On Mon, Jan 12, 2009 at 08:43:47AM -0500, Ray Todd Stevens wrote:
> I am courious. You say upgrading TO FC9. I am haivng this problem
> upgrading FC9 to FC10. Would you be upgrading to FC9 or FC10?
>
> Also I found one interesting thing was that if I booted to rescue mode
> ane looked at the partition tables of the drives both drives still
> existed, and had the same valid partition table, but that the raid drive
> existed, claimed to have a partition table, but had garbage for that
> partition table. What is your experience with this?
Hello
The box was originally running Fedora 7 and had been stuck there because
of a separate Anaconda problem, namely that it crashed when parsing the
hard disk names. That has finally been fixed in the F10 installer.
Anyway, I yum upgraded to F9 and then tried preupgrade to get to F10,
which is when I saw the message about duplicate /boot labels.

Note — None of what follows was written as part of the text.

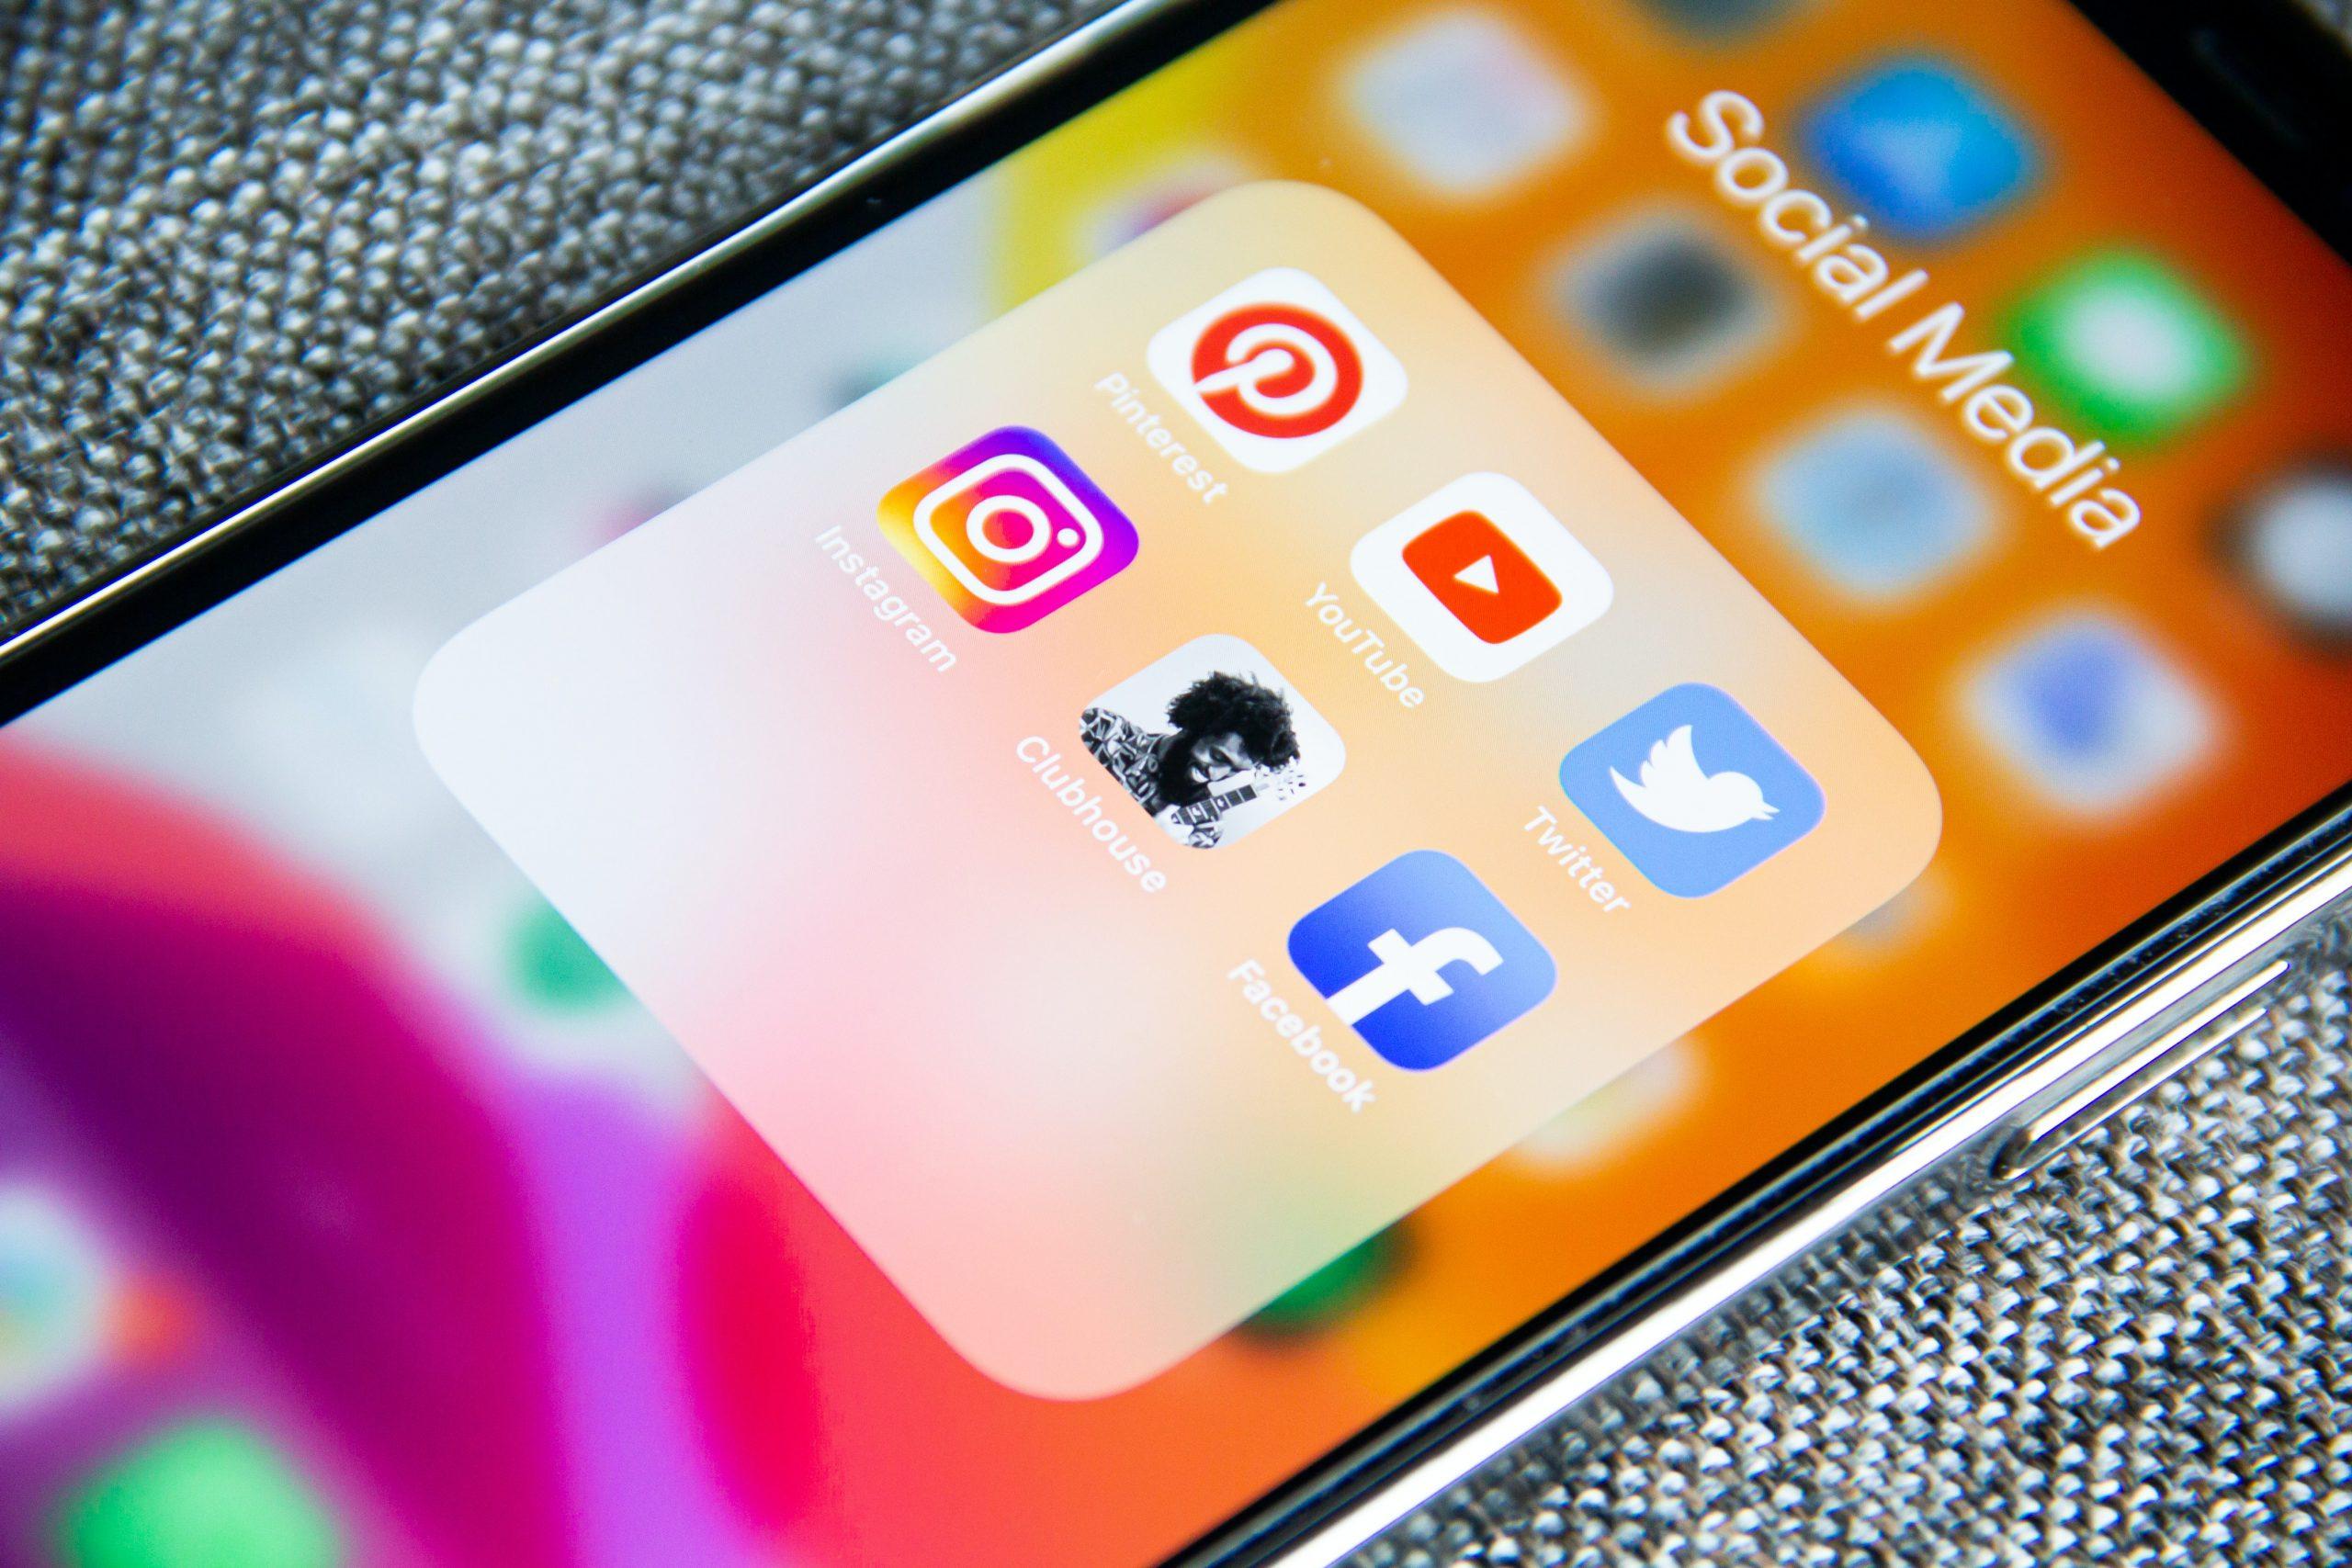 Ecran d'iPhone - dossier Social media - icônes Pinterest, Youtube, Twitter, Instagram, ClubHouse, Facebook
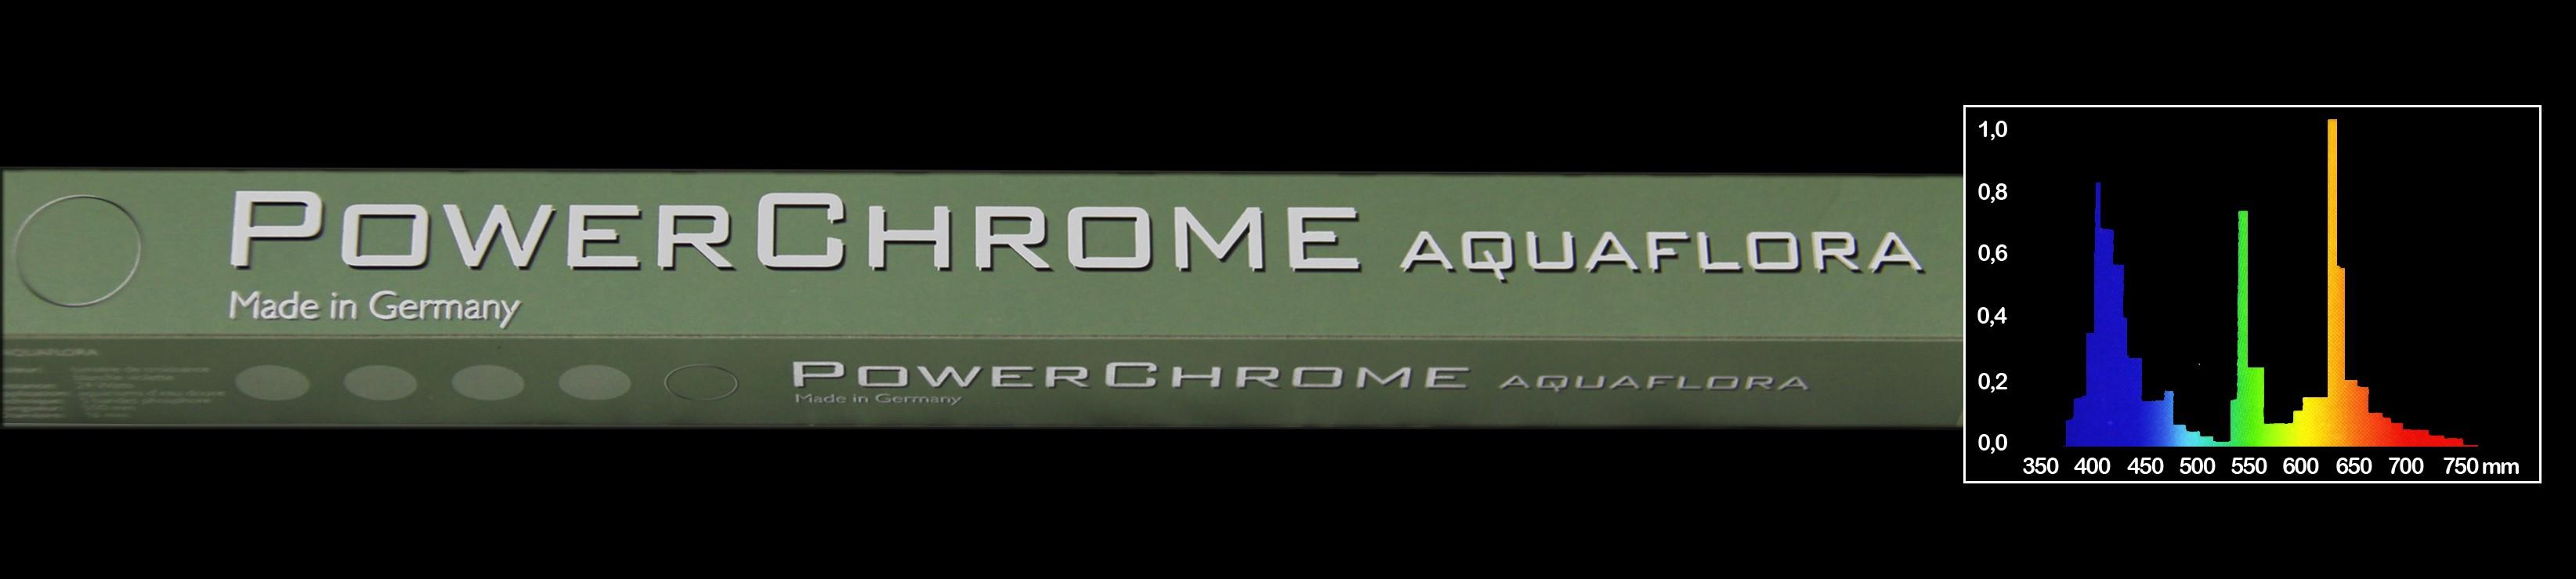 POWERCHROME T5 AQUAFLORA

On this box, /dev/sda, /dev/sdb (the two component drives) and
/dev/mapper/isw_bedfhddfij_ARRAY all have valid partition tables.
Interesting, Yeah I had this same fc7 problem on serveral boxes, including one that is experiencing this problem. I have tried the preupgrade thing and the full upgrade from all three types of disks. All with the same problem.
You will also note that I had the same problem with a scratch install. This appears to be a problem related to the RAID system and is pretty well embedded.
Incidentally it will properly install as a RAID 0 system, and if you install FC 9 on RAID 0 and then upgrade this works fine. Now I do notice that for the full software raid system everything defaults to RAID 0. I am not sure why one would actually use RAID 0 without any additional protection, but that is the default here, and I wonder if RAID 0 is the only thing normally tested.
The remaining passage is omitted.